Всем добрый день! Может кто покажет по БП 3.0.
Общепринятая система у ИП, партионный учет, есть производство.
Покупаем зерно, которое можем пустить в производство(в основном), но можем и продать. Раз это в основном сырье - приходуем как материал на 10 счет.
Когда понадобилось продать - делаем перевод товара с 10 на 41 счет (продажа сразу с 10 счета не подходит, т.к. выручка идет на счет прочих расходов, а не на 90.01).
На остатках на 41 счете товар появился, но...продать его не получается, ругается на отсутствующую парию, т.к. в партионном учете (регистр ИП МПЗ) он продалжает числится как материал. Причем это характерно только для ИП, пока было ООО такой проблемы небыло.

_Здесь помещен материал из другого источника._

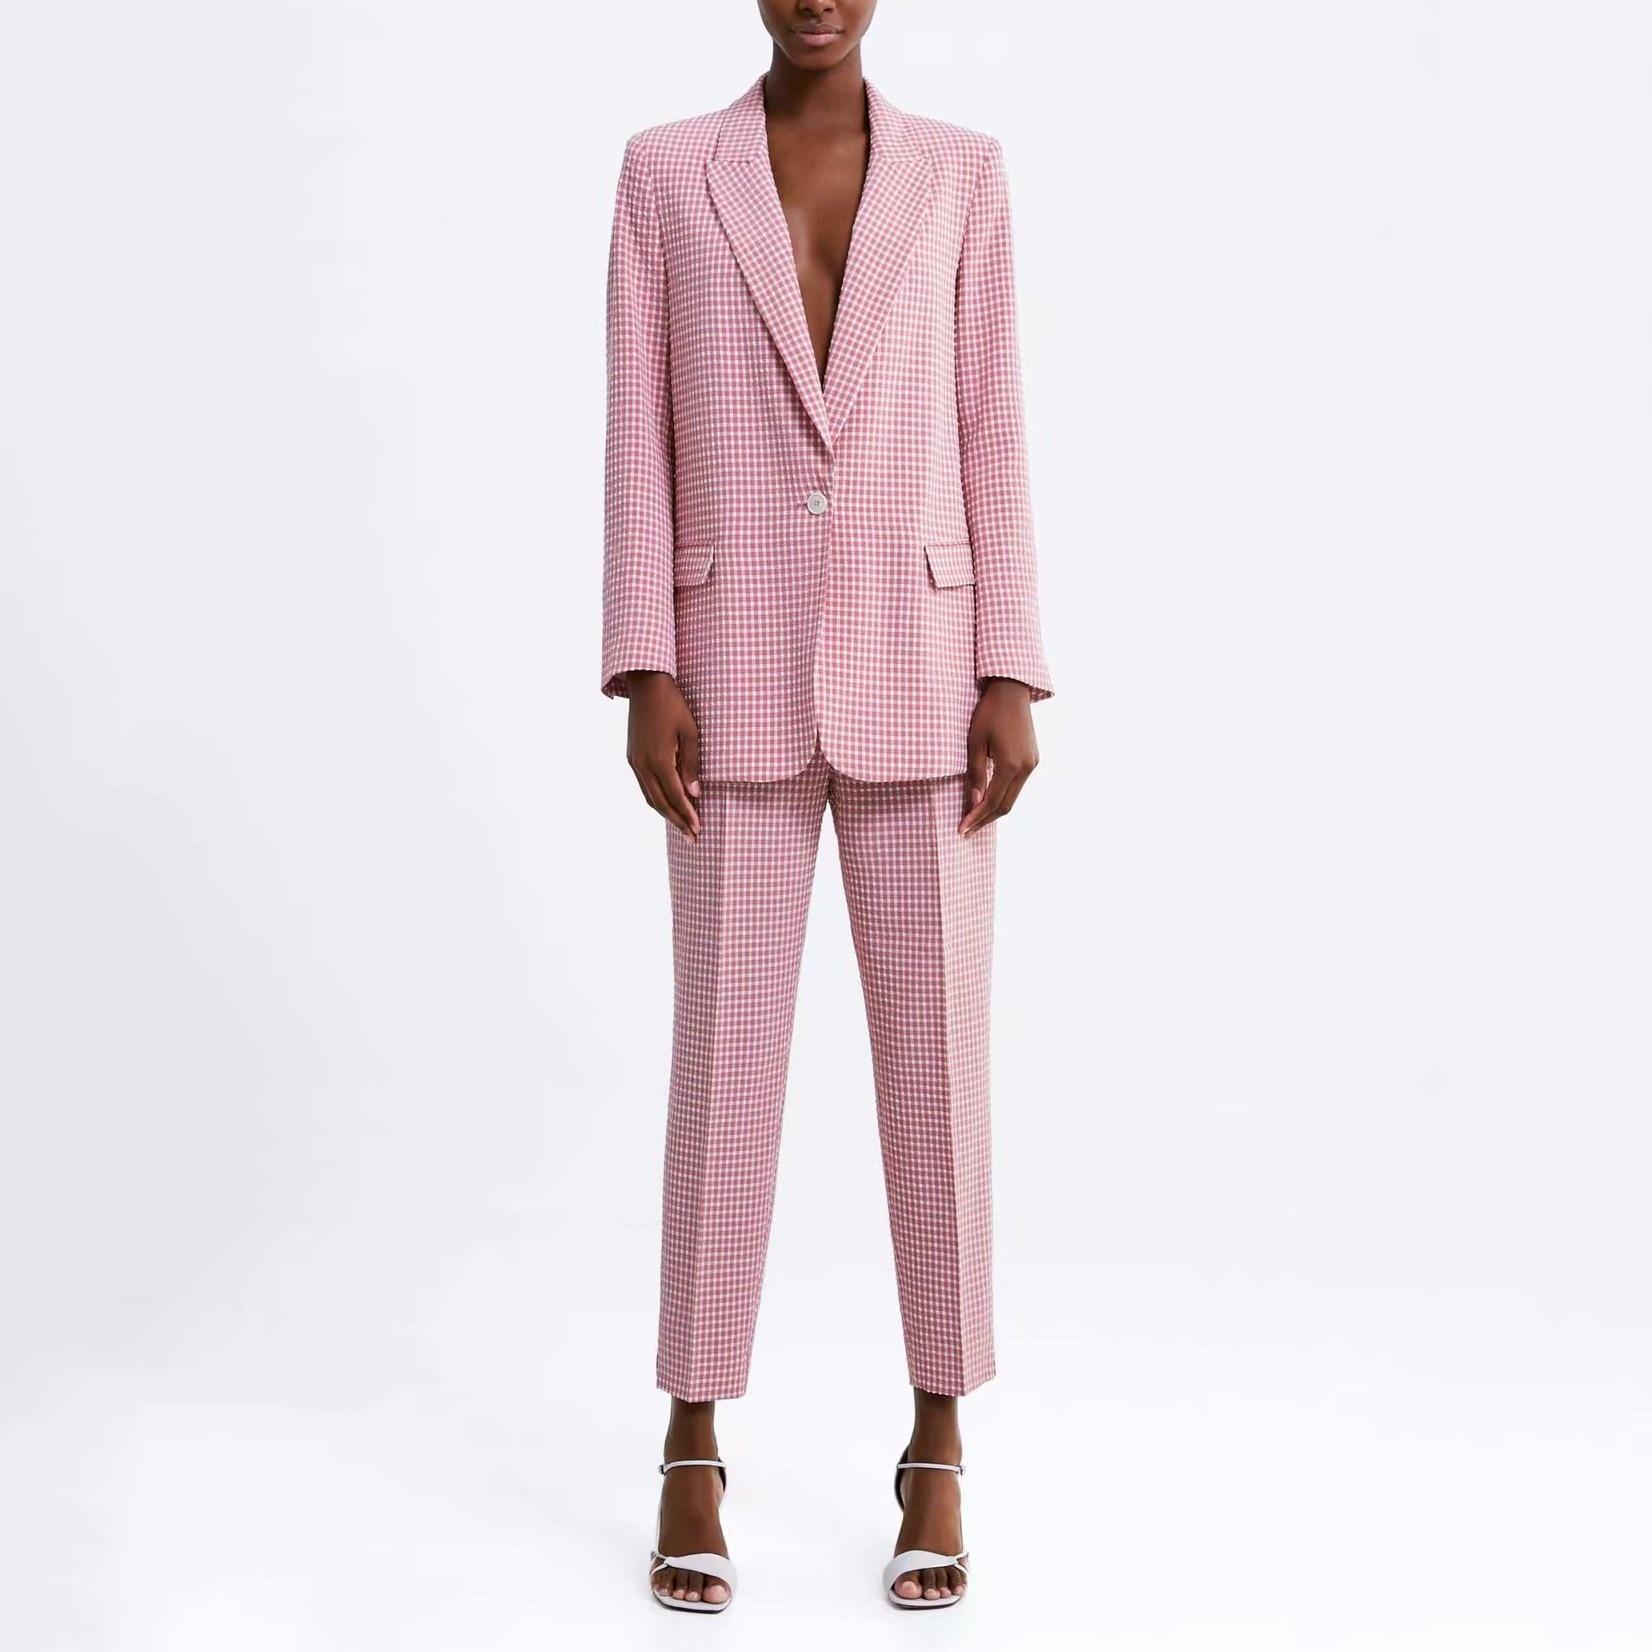 Casual Plaid Two Pieces Set Women Pant Suits Clothes 2019 Spring Summer Button Blazers Coats And Pants Pant Suits

Пока сделал перевод с сырья на товар через комплектацию...прокатило, но боюсь в отчетности это вылезет неверно..
У кого какие мысли?

----------


## alexandr_ll

> Всем добрый день! Может кто покажет по БП 3.0.
> Общепринятая система у ИП, партионный учет, есть производство.
> Покупаем зерно, которое можем пустить в производство(в основном), но можем и продать. Раз это в основном сырье - приходуем как материал на 10 счет.
> Когда понадобилось продать - делаем перевод товара с 10 на 41 счет (продажа сразу с 10 счета не подходит, т.к. выручка идет на счет прочих расходов, а не на 90.01).
> На остатках на 41 счете товар появился, но...продать его не получается, ругается на отсутствующую парию, т.к. в партионном учете (регистр ИП МПЗ) он продалжает числится как материал. Причем это характерно только для ИП, пока было ООО такой проблемы небыло. Пока сделал перевод с сырья на товар через комплектацию...прокатило, но боюсь в отчетности это вылезет неверно..
> У кого какие мысли?


Использовать документ "Перемещение товаров" склад не менять, а в счете учета отправителя указать 10.1, а получателя - 41.1
Лучше списать материал и оприходовать ирвар
Тогда двинется и регистр

----------


## AndyPanda

Дык и я так думал.Пока была организация - это работало замечательно.Но с появлением ИП при приходовании появился дополнительный регистр МПЗ ИП, где явно указывается материал это или товар. А при переводе с 10 на 41 идут только проводки, а вот движений по регистру нет(следовательно и продать такой товар нельзя - нет партии)!

----------